You may want to identify
all the genes switches to which this transcription factor binds in a given cell type.
How do you do that?
You take the cell type of interest, a sample of it,
you freeze the chromatin by exposing it to formaldehyde,
you break down this frozen chromatin in pieces,
and you incubate the resulting solution with
an antibody that will specifically recognize your transcription factor.
This would allow you to so-called immunoprecipitate these parts of the chromatin.
With the transcription, because it's frozen,
comes the DNA that is defining the distance regulatory elements
of interest and multiple ones because
the transcription factor will bind across the genome.
What you do then is you reverse the cross-linking,
and you release the DNA that was co-immunoprecipitated with the transcription factor.
You put that in next generation sequencers and you will obtain reads,
sequence reads, corresponding to the distant regulatory elements.
If you map these sequences back to the reference human genome,
by definition, you identify the distant regulatory elements that you were after.
So this is, of course,
a very nice and effective approach,
but it can only work for transcription factors that are
well-known and for which very good antibodies are available.
And this is certainly not the case for all transcription factors.
There are alternative methods that I will refer to as
generic methods because they don't require that information.
One is based also on ChIP-seq,
but the antibodies that you use do not target transcription factors,
but rather the post-translational modifications
of the amino terminus of histones that will
allow us by means of the histone code to
recognize the enhancers, silencers and promoters.
So we will take the same tissue as we did before.
But we will now perform ChIP-seq experiments
sequentially using antibodies that recognize specific histone modifications.
We then put all the information back together using, for instance,
a Hidden Markov Model and can identify active enhancers,
poised enhancers, silenced enhancers, et cetera.
We can identify it without knowing
the transcription factor these distant regulatory elements.
Another genetic methods is not based on immunoprecipitation,
but will rather exploit a feature that is typical of active switches.
That is the corresponding chromatin is relatively open.
It's less condensed than the rest of the genome.
And as a consequence,
it becomes more easily accessible to nucleases to which you might expose the chromatin or
to in vitro generated transposons that
will preferentially integrate where the chromatin is open.
DNase-Seq is the name of the first method and
ATAC-Seq based on transposons is the name of the second method.
Combined with next generation sequencing,
they allow you to identify
gene switches without knowing the transcription factors that bind to them either.

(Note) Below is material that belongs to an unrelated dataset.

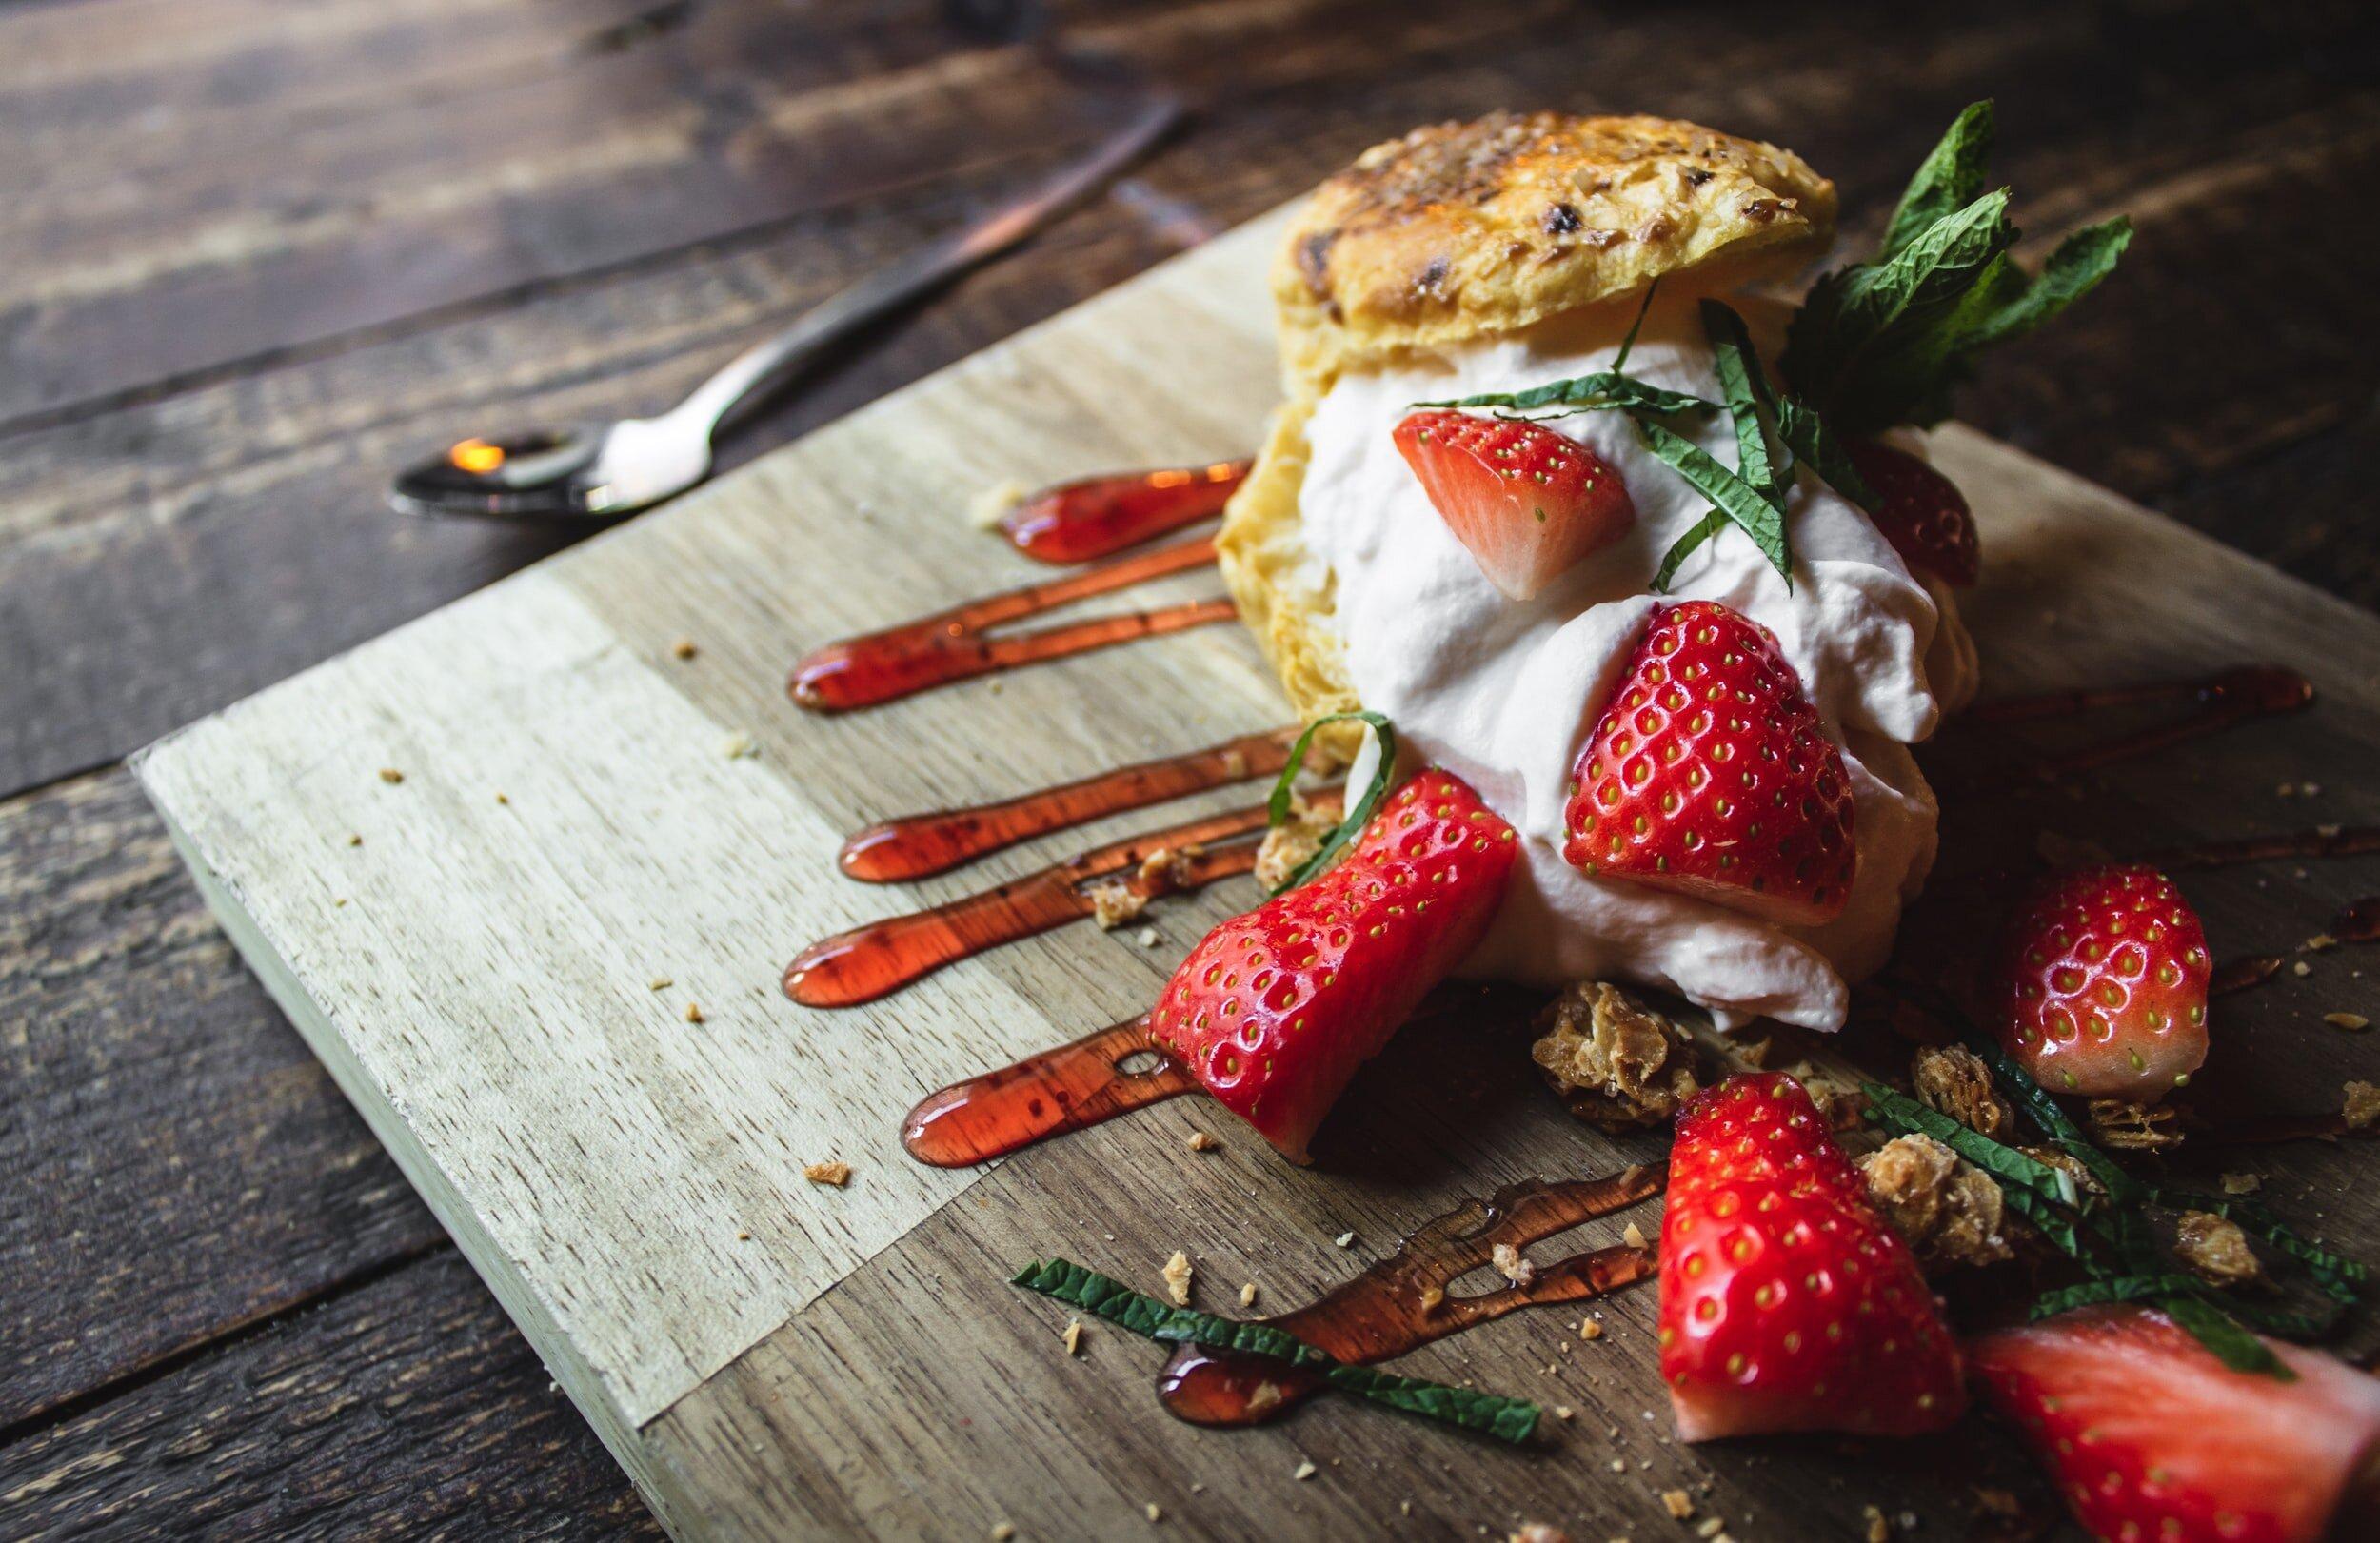 Italian Crostata (Jam Tart) and other regional desserts. - cover

Well, this is an advantage and sometimes a disadvantage.
Once you have identified these switches in a generic way,
you may a posteriori like to answer the question which
transcription factor might bind to the things that I have identified.
In fact, if we look in detail at the result of DNase-Seq experiments,
we will see that the experiments generates so-called footprinting patterns.
So if we look at the piles of reads that are defining these gene switches,
we will see that not all the bases are equally covered.
This is because the protein factor binds specifically to parts of the DNA which are,
therefore, protected from DNase.
And if we look at these footprints,
we can actually identify transcription factor binding
sites that will allow us to go back to the transcription factor a posteriori.
The last method that I would like to refer to is
chromatin conformation capture which can either be done in a targeted way,
but is increasingly done at the genome-wide level.
It is then called Hi-C seq.
The idea there is that one will try to identify pieces
of DNA that although far away on the chromosome,
are brought close to each other in the nucleus by virtue of
this looping structure that is formed when a gene switch is active in a given cell type.
Hi-C allows you to identify two pieces of
DNA that are brought close to each other by this process in the nucleus.
Combined with so-called promoter capture Hi-C,
it is a very effective new way to identify
distant regulatory elements controlling specific proximal promoters.